Queensland Police allege the 21-year-old sold information from a database he hacked at the game company to players who wanted to launch attacks on their opponents to thwart their game play.

They allege he sold players' internet protocol (IP) addresses, so they could be used to launch denial-of-service attacks on opponents' internet routers, causing their internet connection speed to slow and deteriorating their ability to play online games.

Police have not confirmed if the man also offered to carry out the denial-of-service attacks.

"What this guy allegedly did was set up his own website where you could purchase or get access to the IP addresses of other players," said Detective Superintendent Brian Hay from Queensland Police's fraud and cybercrime group.
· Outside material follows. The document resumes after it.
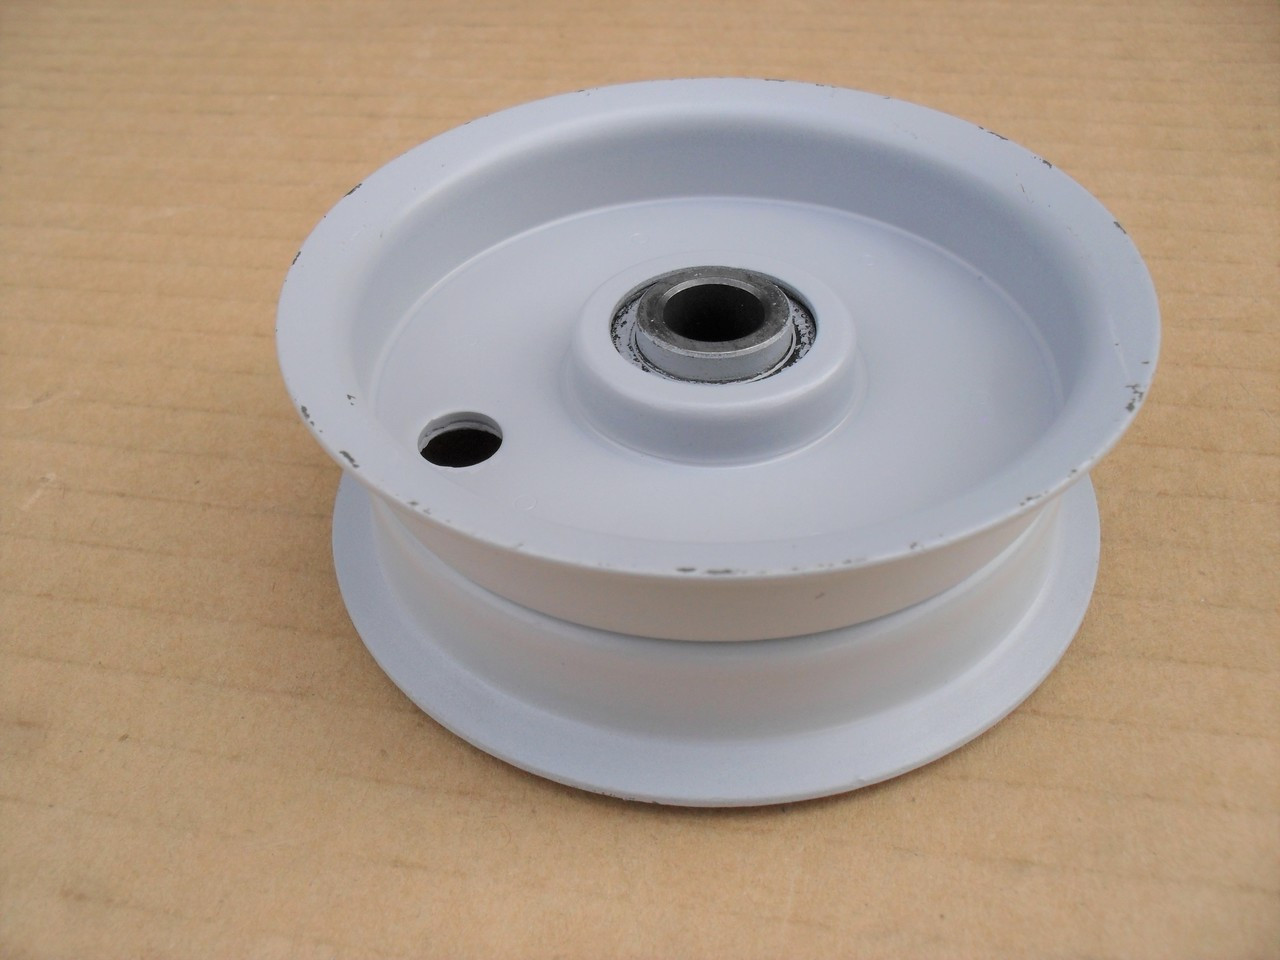 Flat Idler Pulley for Kees 363214 7019078 7019078YP 7076520 7076520YP 76520 Height: 1-1/8 " ID: 3/8 " OD: 3-1/8 "
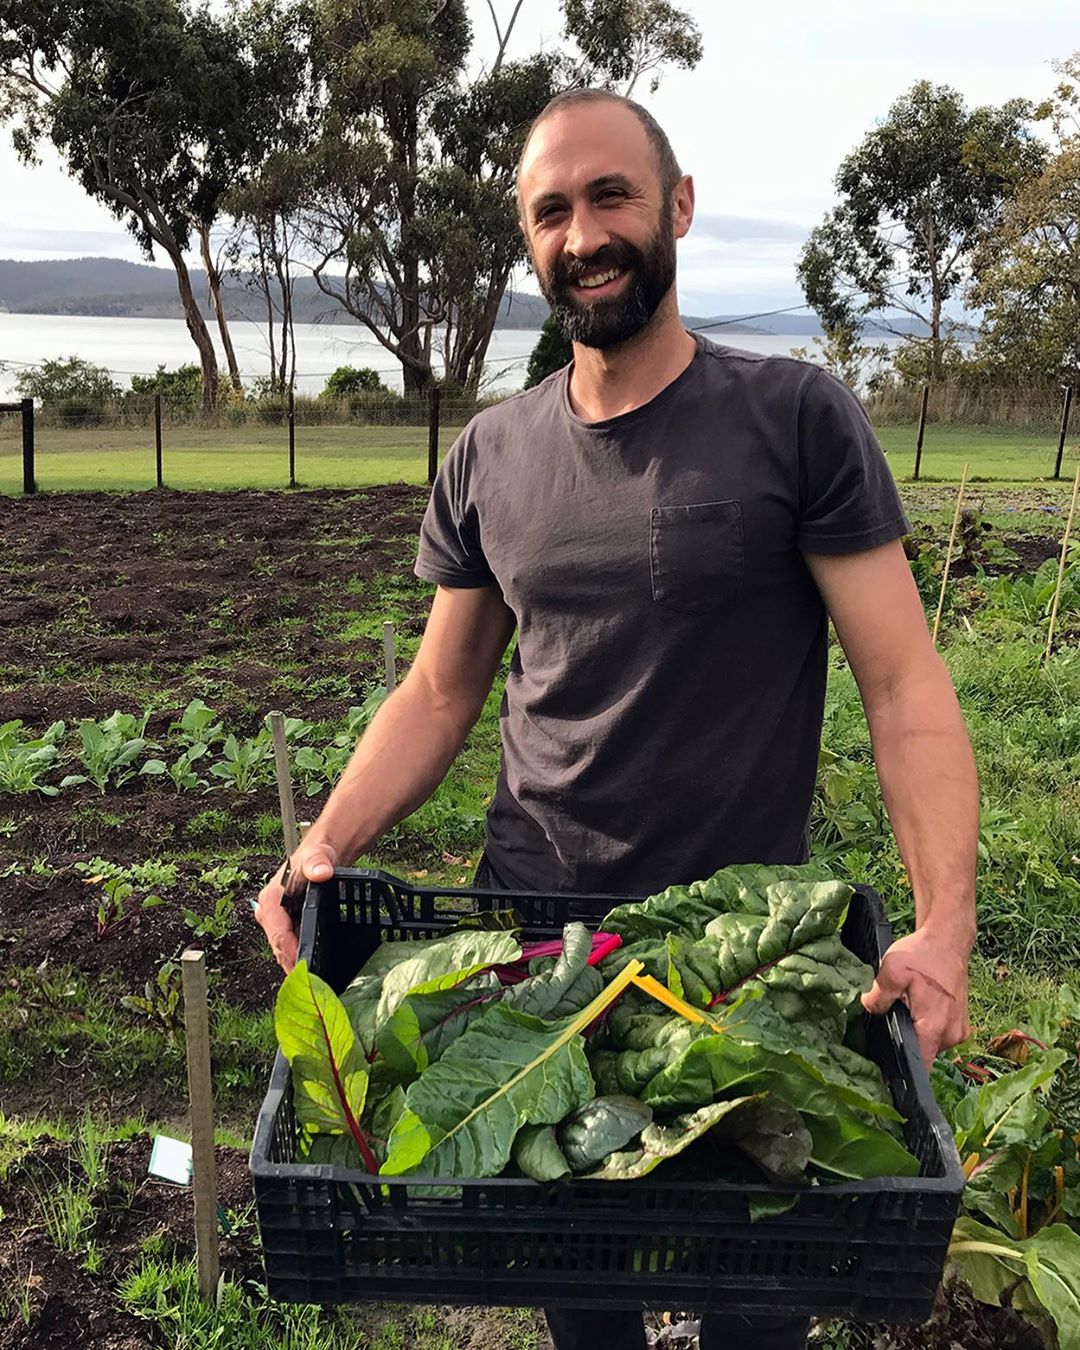 Head Chef Toby Annear is out in the garden putting the final touches on the menu for our Hughes and Hughes lunch. What will be ready to harvest in just a few weeks time? Book your ticket and come along to lunch on the 7th July to find out.  www.peppermintbay.com.au/events  #local #peppermintbayhotel #longtable #lunch #fresh #tasmania #wineanddine #produce #chef #gardentoplate #organic #greenthumb

"The idea [of selling IP addresses] being that you can facilitate a denial-of-service attack on opponents and slow down the speed at which they can play the game."

IP addresses, or internet protocol addresses, are assigned to users by their internet providers and are used by computers and home routers to connect to the internet.

Once an attacker knows the IP address of a player's router, they can essentially knock them offline by overloading their connection.

Detective Superintendent Hay said he couldn't name the US company that was attacked, but said that it would be revealed in court documents on April 8, when the 21-year-old Kingaroy man fronts Maryborough Magistrates Court.

Police allege the man illegally accessed the US company's computer databases and files, and hacked the company's Twitter account, where he allegedly posted confidential information and screenshots.

The man has been charged with computer hacking and misuse, fraud, and property offences. Police allege the offences occurred between July 14 and 26, 2013.

He was bailed on Wednesday.

Detective Superintendent Hay said it was one of the first known cases in Australia where denial-of-service had been used to attack home routers.

Such attacks were usually launched on web servers owned by large companies, he said.